→ Directions
Reproduce all the entries exactly.

Stored items from a collection:
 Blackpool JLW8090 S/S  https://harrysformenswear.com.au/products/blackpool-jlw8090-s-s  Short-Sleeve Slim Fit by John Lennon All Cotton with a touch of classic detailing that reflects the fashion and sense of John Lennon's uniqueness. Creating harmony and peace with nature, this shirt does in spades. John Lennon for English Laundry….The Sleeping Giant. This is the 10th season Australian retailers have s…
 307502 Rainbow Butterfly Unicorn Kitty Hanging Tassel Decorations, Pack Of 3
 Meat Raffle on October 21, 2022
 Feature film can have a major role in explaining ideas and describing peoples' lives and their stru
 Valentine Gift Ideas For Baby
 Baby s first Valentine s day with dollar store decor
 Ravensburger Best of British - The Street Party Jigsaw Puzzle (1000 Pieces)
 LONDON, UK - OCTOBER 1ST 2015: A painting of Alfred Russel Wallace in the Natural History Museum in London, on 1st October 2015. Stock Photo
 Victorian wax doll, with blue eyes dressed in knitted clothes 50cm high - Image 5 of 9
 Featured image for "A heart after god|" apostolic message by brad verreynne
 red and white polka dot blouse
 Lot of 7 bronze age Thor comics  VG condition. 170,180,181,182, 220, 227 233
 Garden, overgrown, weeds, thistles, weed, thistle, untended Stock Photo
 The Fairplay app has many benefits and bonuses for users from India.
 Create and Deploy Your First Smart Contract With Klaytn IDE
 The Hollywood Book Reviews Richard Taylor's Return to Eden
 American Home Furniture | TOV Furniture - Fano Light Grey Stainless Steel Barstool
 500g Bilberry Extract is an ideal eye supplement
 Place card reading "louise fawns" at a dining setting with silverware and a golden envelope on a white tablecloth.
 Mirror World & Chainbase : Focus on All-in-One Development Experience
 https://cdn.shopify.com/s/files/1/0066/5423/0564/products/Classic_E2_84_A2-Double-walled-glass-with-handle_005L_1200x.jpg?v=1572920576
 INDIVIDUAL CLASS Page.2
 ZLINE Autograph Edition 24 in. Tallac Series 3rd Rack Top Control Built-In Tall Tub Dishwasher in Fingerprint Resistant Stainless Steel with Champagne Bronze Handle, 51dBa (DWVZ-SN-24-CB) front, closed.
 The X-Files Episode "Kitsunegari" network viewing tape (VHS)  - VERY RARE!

→ Written response
 Blackpool JLW8090 S/S  https://harrysformenswear.com.au/products/blackpool-jlw8090-s-s  Short-Sleeve Slim Fit by John Lennon All Cotton with a touch of classic detailing that reflects the fashion and sense of John Lennon's uniqueness. Creating harmony and peace with nature, this shirt does in spades. John Lennon for English Laundry….The Sleeping Giant. This is the 10th season Australian retailers have s…
 307502 Rainbow Butterfly Unicorn Kitty Hanging Tassel Decorations, Pack Of 3
 Meat Raffle on October 21, 2022
 Feature film can have a major role in explaining ideas and describing peoples' lives and their stru
 Valentine Gift Ideas For Baby
 Baby s first Valentine s day with dollar store decor
 Ravensburger Best of British - The Street Party Jigsaw Puzzle (1000 Pieces)
 LONDON, UK - OCTOBER 1ST 2015: A painting of Alfred Russel Wallace in the Natural History Museum in London, on 1st October 2015. Stock Photo
 Victorian wax doll, with blue eyes dressed in knitted clothes 50cm high - Image 5 of 9
 Featured image for "A heart after god|" apostolic message by brad verreynne
 red and white polka dot blouse
 Lot of 7 bronze age Thor comics  VG condition. 170,180,181,182, 220, 227 233
 Garden, overgrown, weeds, thistles, weed, thistle, untended Stock Photo
 The Fairplay app has many benefits and bonuses for users from India.
 Create and Deploy Your First Smart Contract With Klaytn IDE
 The Hollywood Book Reviews Richard Taylor's Return to Eden
 American Home Furniture | TOV Furniture - Fano Light Grey Stainless Steel Barstool
 500g Bilberry Extract is an ideal eye supplement
 Place card reading "louise fawns" at a dining setting with silverware and a golden envelope on a white tablecloth.
 Mirror World & Chainbase : Focus on All-in-One Development Experience
 https://cdn.shopify.com/s/files/1/0066/5423/0564/products/Classic_E2_84_A2-Double-walled-glass-with-handle_005L_1200x.jpg?v=1572920576
 INDIVIDUAL CLASS Page.2
 ZLINE Autograph Edition 24 in. Tallac Series 3rd Rack Top Control Built-In Tall Tub Dishwasher in Fingerprint Resistant Stainless Steel with Champagne Bronze Handle, 51dBa (DWVZ-SN-24-CB) front, closed.
 The X-Files Episode "Kitsunegari" network viewing tape (VHS)  - VERY RARE!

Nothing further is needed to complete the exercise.